>>

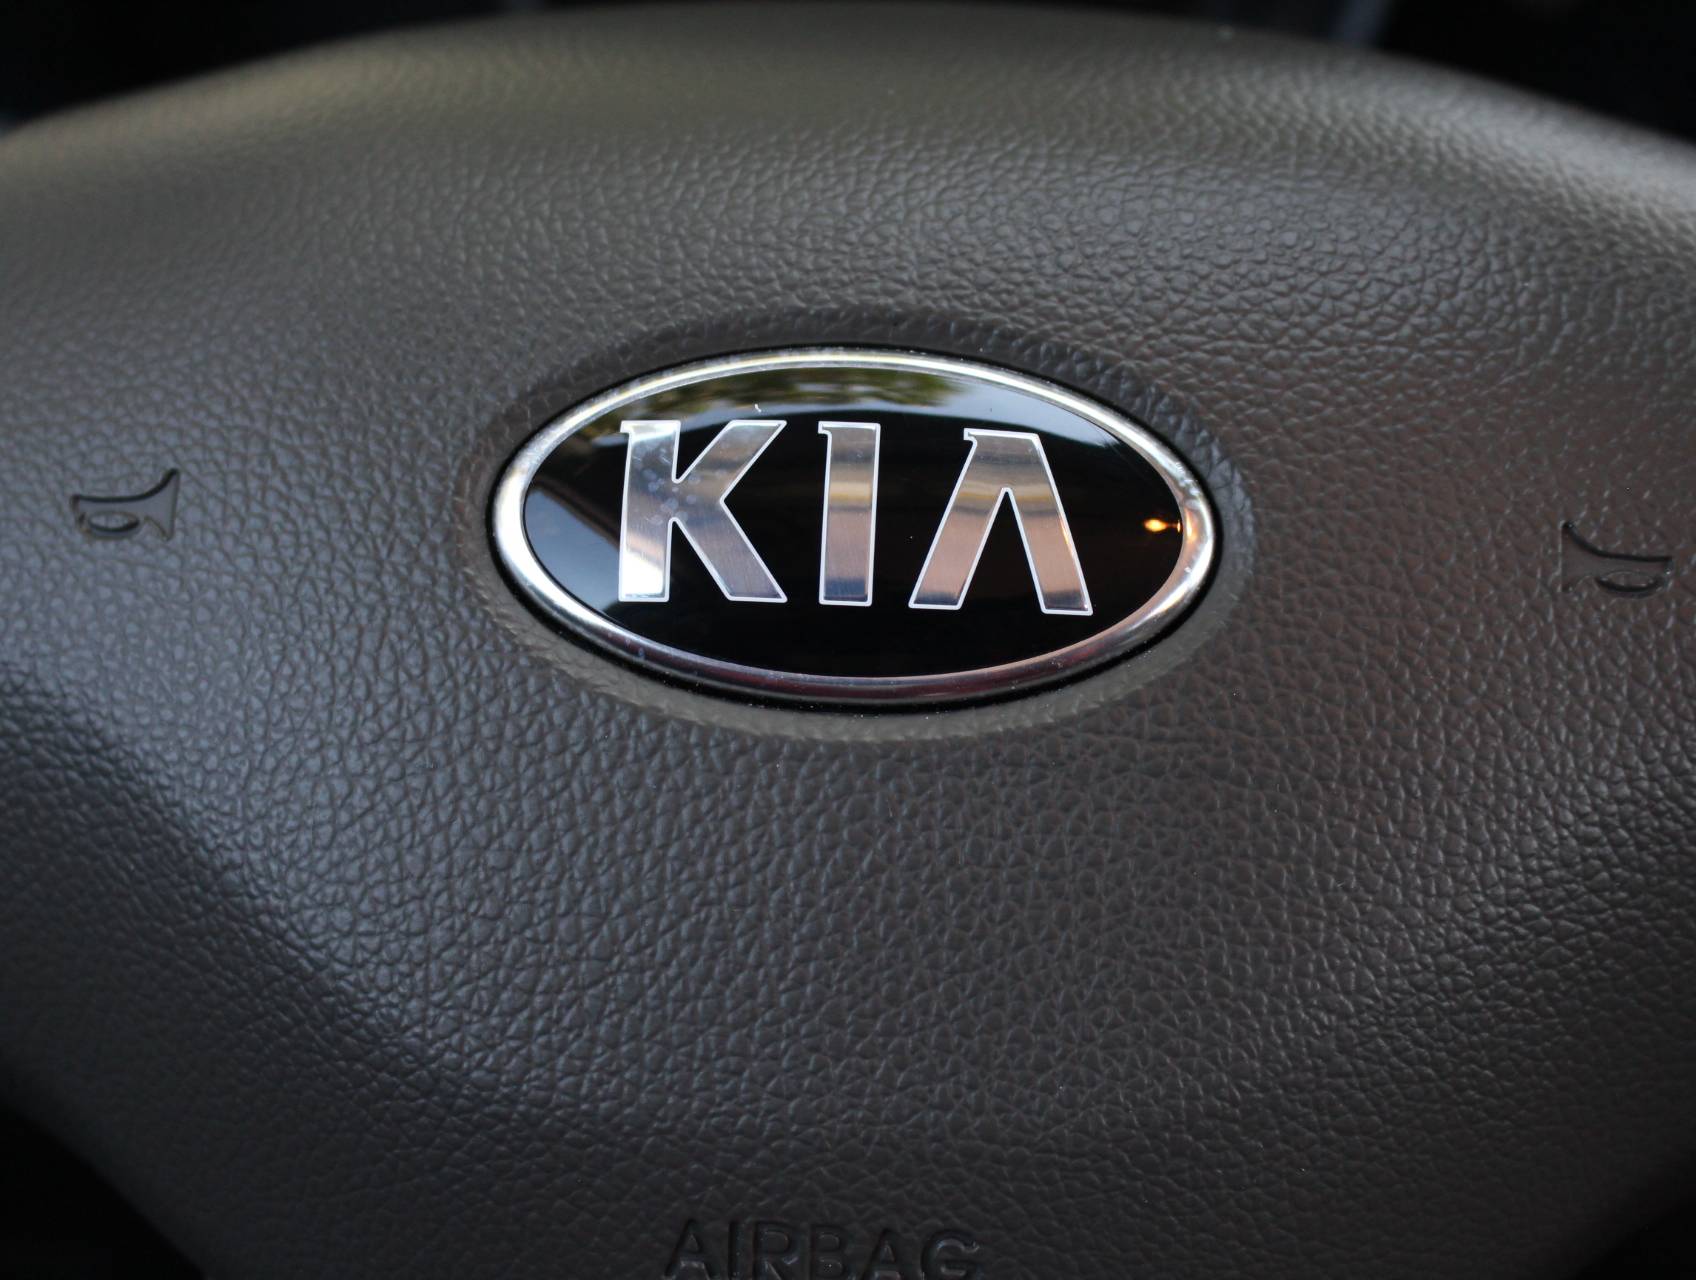 Florida Fine Cars - Used KIA SPORTAGE 2014 MARGATE Lx
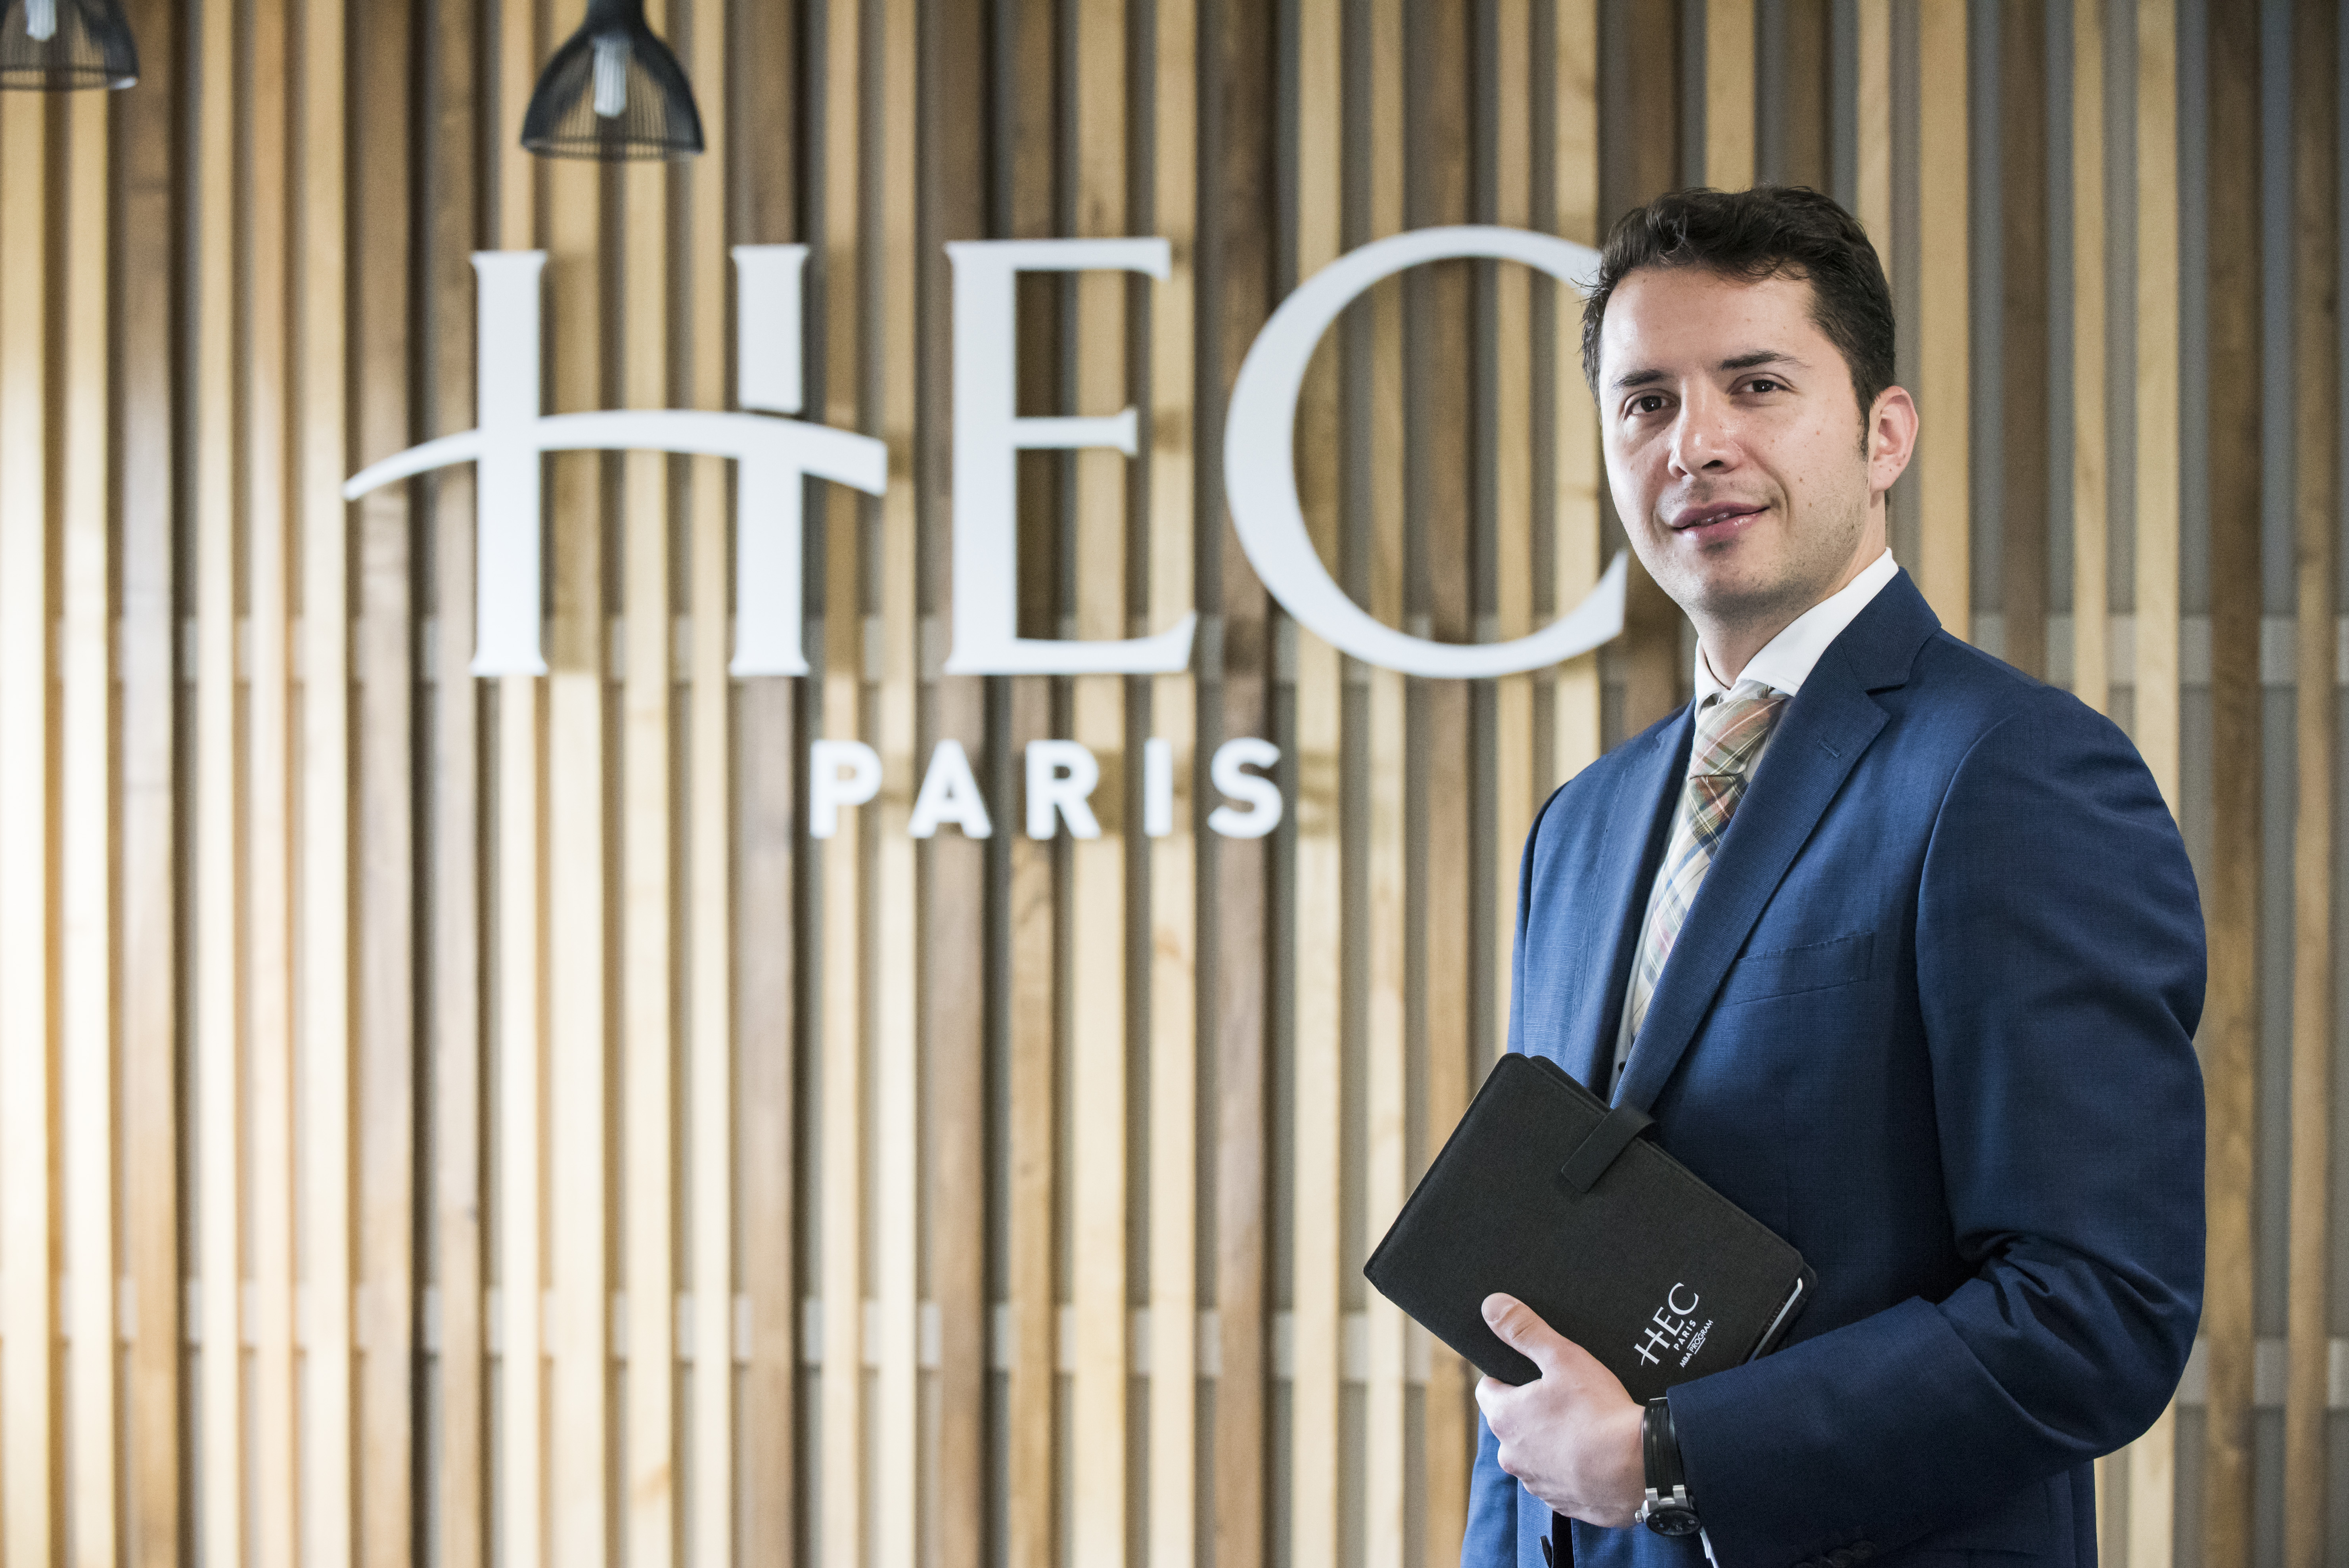 HEC Paris MBA student Renalto Castenda got a great job working at Deloitte
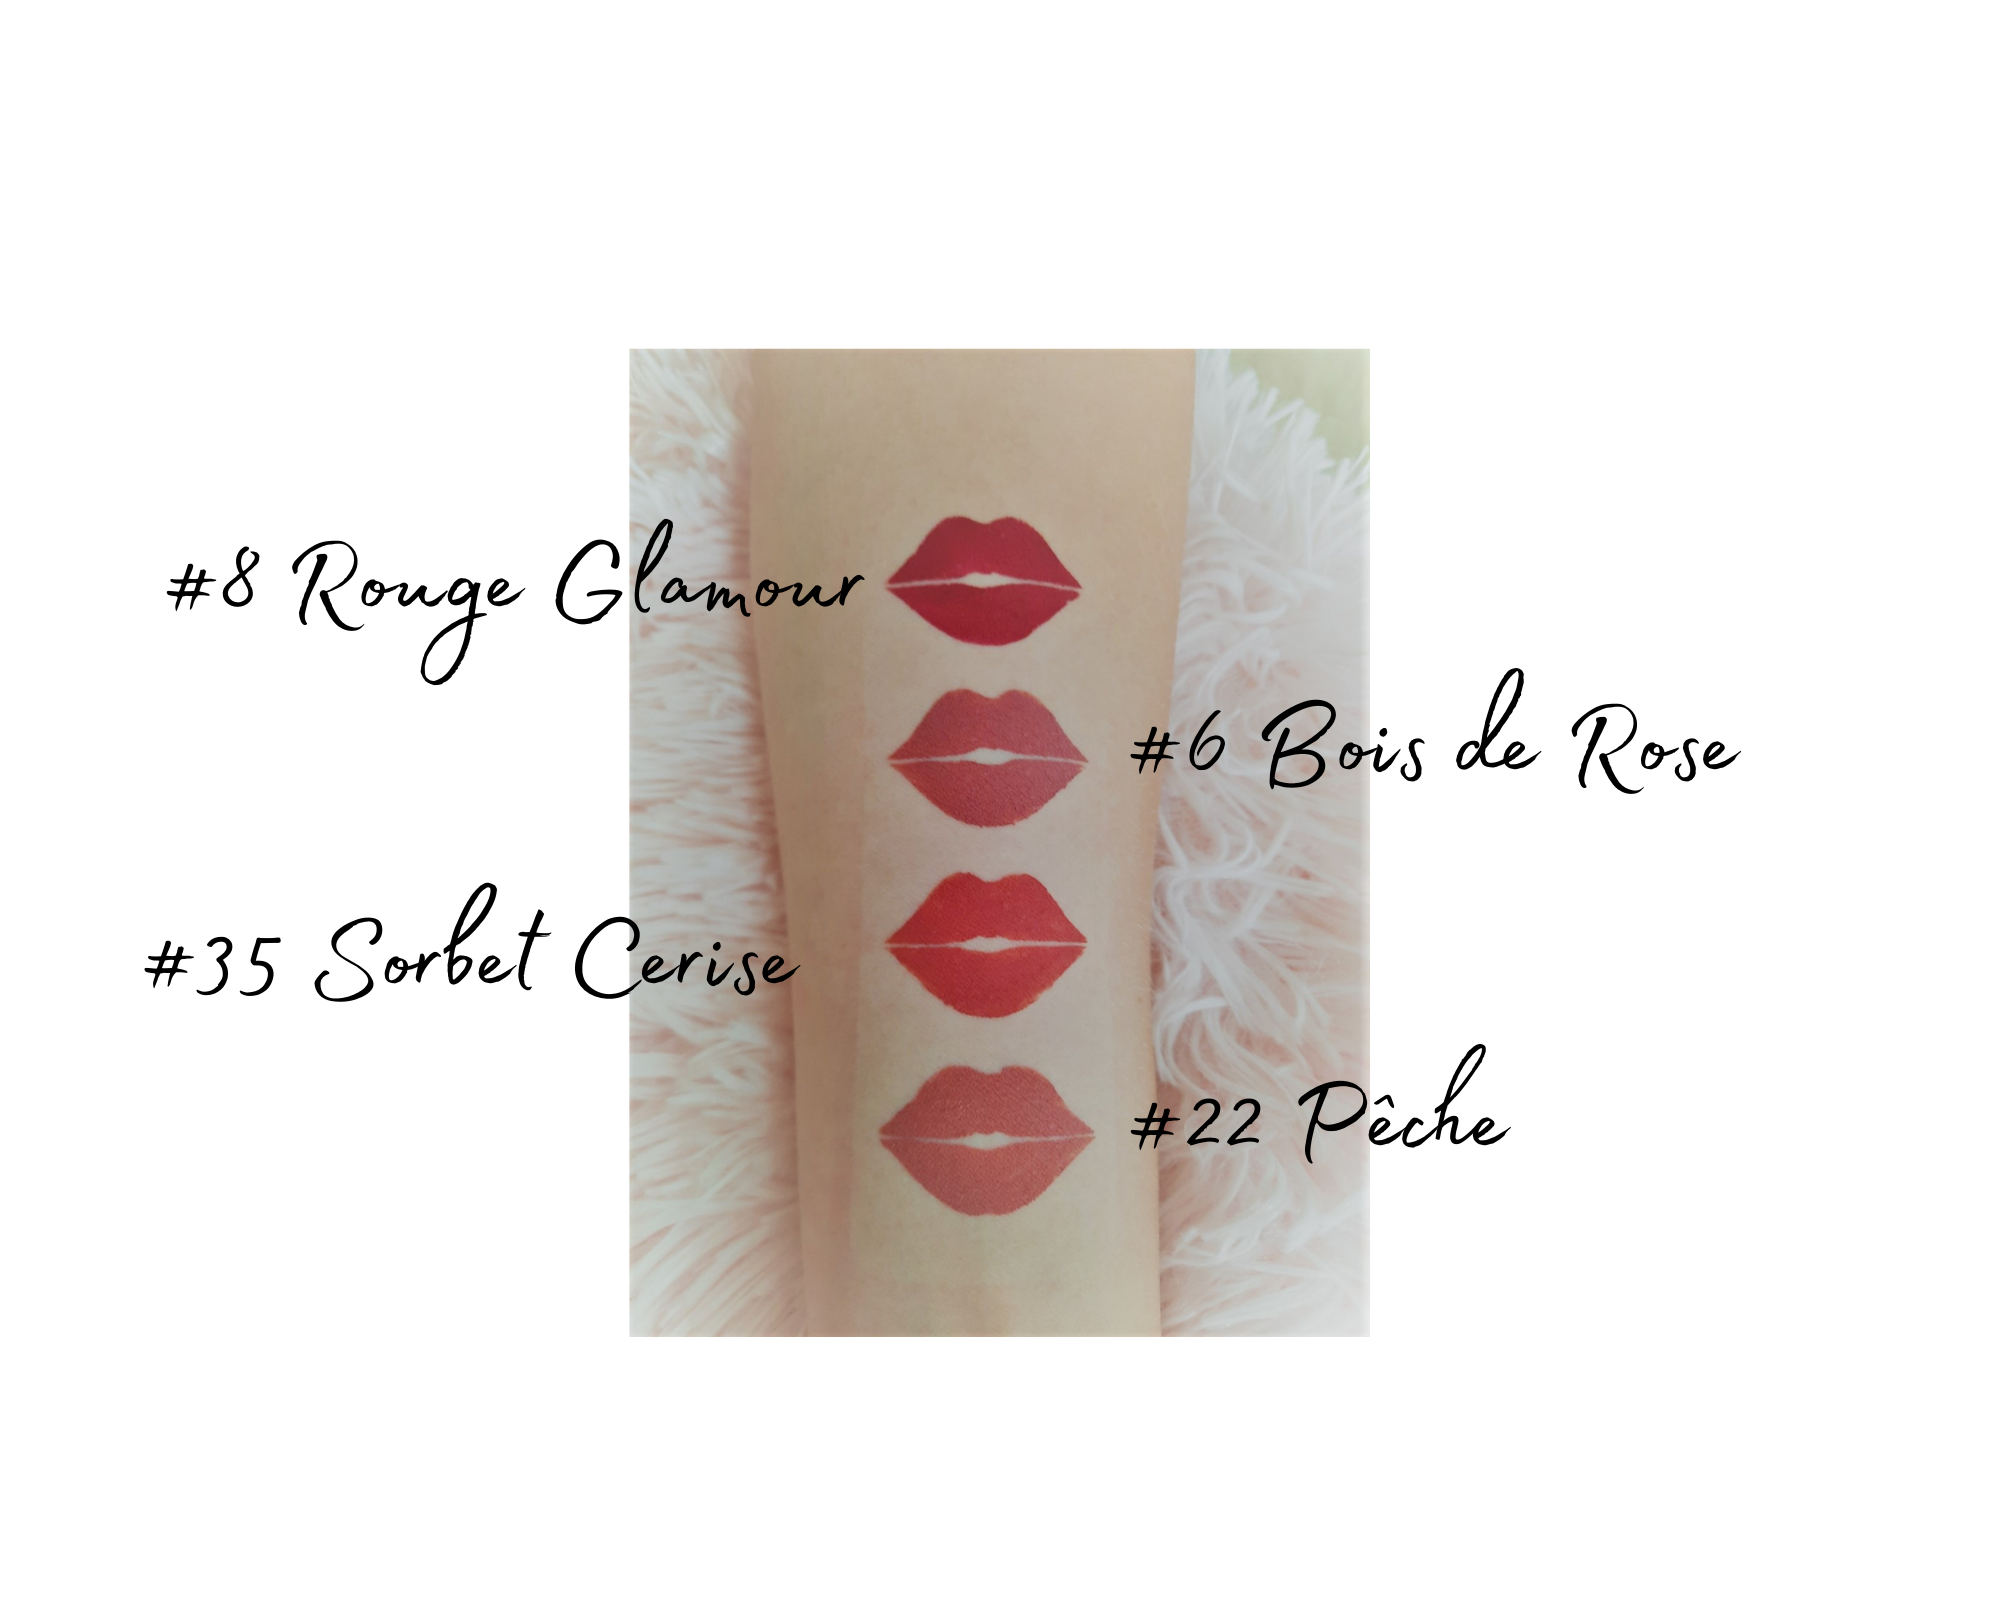 Rouge à lèvres # 008 Rouge Glamour liquide mat imperméable

<<

EXERCISE AIM » Find the line that has "HEC Paris MBA" in the listing, then retype it and each later line up to the last, exactly. Leave pictures out.

TASK SOLUTION »
 HEC Paris MBA student Renalto Castenda got a great job working at Deloitte
 Rouge à lèvres # 008 Rouge Glamour liquide mat imperméable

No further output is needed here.